Whatever happens next will be quickly followed by an invasion. This invasion will come from the leach that is attached to the US, Mexico. When this country falters their will be an invasion from Mexico. When has Mexico done anything for America but they take and take from us. When has Mexico backed the US in a War? Or stood with us? They never have and they flood this country with illegal aliens to send money home. The Mexican President says the illegal alien is the hero of the nation because it sends money to mexico and ships drugs into the US for your kids to become addicted to. The true enemy will take this country without firing a shot and will steal your money, your way of life, and make single mothers out of your daughters. The true threat is just south of the border and whatever happens here will just allow these zombies to destroy our country.

10News - Officials, advocates: Angry mob at border organized to provoke agents, capture violence on camera - 10News.com - News

BORDER-RUSHING GROUP REPELLED | UTSanDiego.com

Hundreds of Illegals storm California Border Patrol : Freedom Outpost


----------



## MikeyPrepper (Nov 29, 2012)

True meangreen


----------



## Denton (Sep 18, 2012)

Meangreen said:


> Whatever happens next will be quickly followed by an invasion. This invasion will come from the leach that is attached to the US, Mexico. When this country falters their will be an invasion from Mexico. When has Mexico done anything for America but they take and take from us. When has Mexico backed the US in a War? Or stood with us? They never have and they flood this country with illegal aliens to send money home. The Mexican President says the illegal alien is the hero of the nation because it sends money to mexico and ships drugs into the US for your kids to become addicted to. The true enemy will take this country without firing a shot and will steal your money, your way of life, and make single mothers out of your daughters. The true threat is just south of the border and whatever happens here will just allow these zombies to destroy our country.
> 
> 10News - Officials, advocates: Angry mob at border organized to provoke agents, capture violence on camera - 10News.com - News
> 
> ...


Thanks. Just when I thought the worst thing on the radar is an icy winter in south Alabama...:ugeek:


----------



## jesstheshow (Nov 18, 2013)

Its Indiana, who knows..weather is so back and forth and random here lol


----------



## MikeyPrepper (Nov 29, 2012)

Makes me nervous


----------



## Meangreen (Dec 6, 2012)

Denton said:


> Thanks. Just when I thought the worst thing on the radar is an icy winter in south Alabama...:ugeek:


Remember after Katrina how many illegal aliens showed up to get in on the work. I remember for months after all the Mexicans and Guats returning to Mexico in Brand New Pick-up trucks loaded with goodies. They all seemed to have Alabama and Mississippi license plates.


----------



## MikeyPrepper (Nov 29, 2012)

That's nuts...


----------



## Denton (Sep 18, 2012)

Meangreen said:


> Remember after Katrina how many illegal aliens showed up to get in on the work. I remember for months after all the Mexicans and Guats returning to Mexico in Brand New Pick-up trucks loaded with goodies. They all seemed to have Alabama and Mississippi license plates.

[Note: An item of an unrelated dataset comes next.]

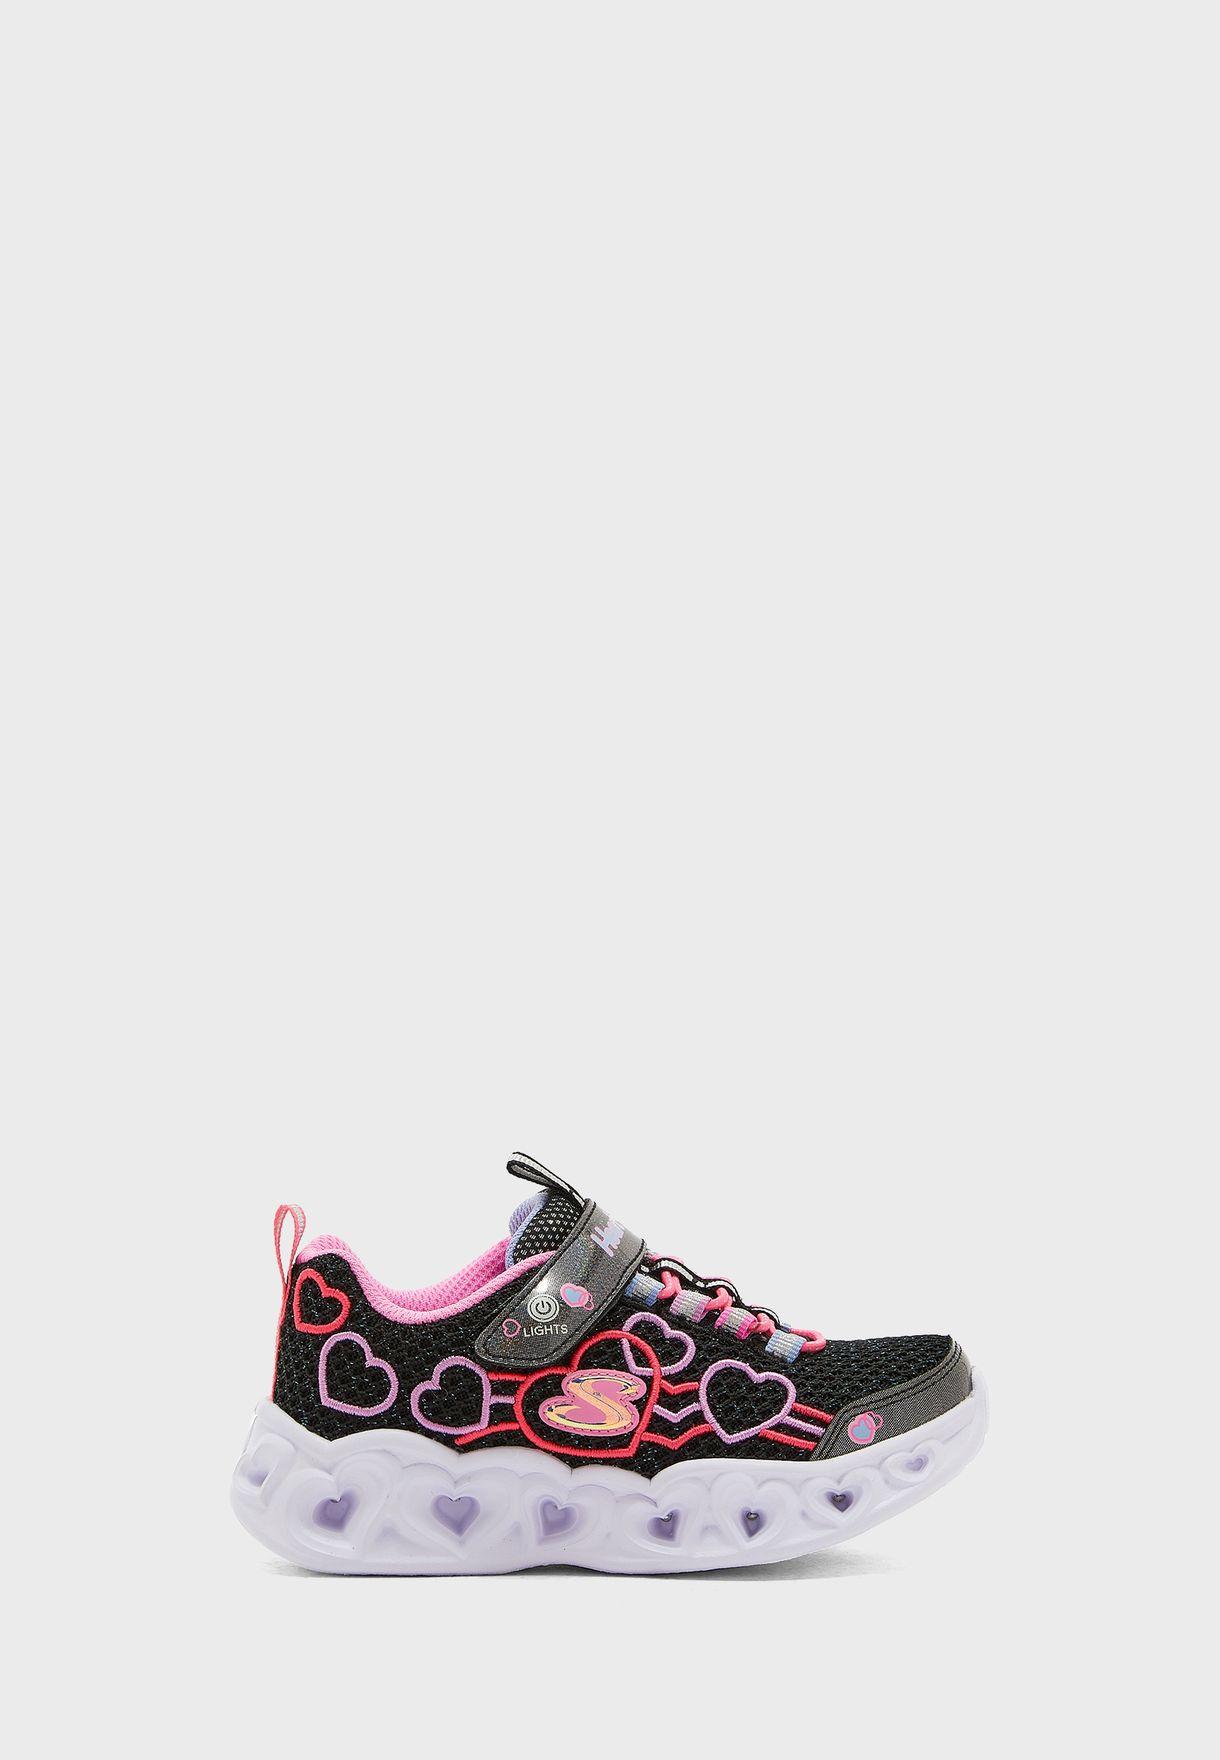 حذاء مزين بأضواء بشكل قلب

...which partially explains why I don't see as many Mexicans.


----------



## PaulS (Mar 11, 2013)

I am not in the "dangerous" earthquake zone and aside from the normal winter weather I don't see any weather related events so that leaves the improbable. Grid down - for whatever reason, monetary collapse is unlikely for the next year or two, invasion or war is just as unlikely for the next year but the prices on gasoline, natural gas and electricity are going to rise as the winter continues so that could be a factor that will increase the cost of everything.

Basically it is going to be just a bit more heat added to the water pot that we are all in.


----------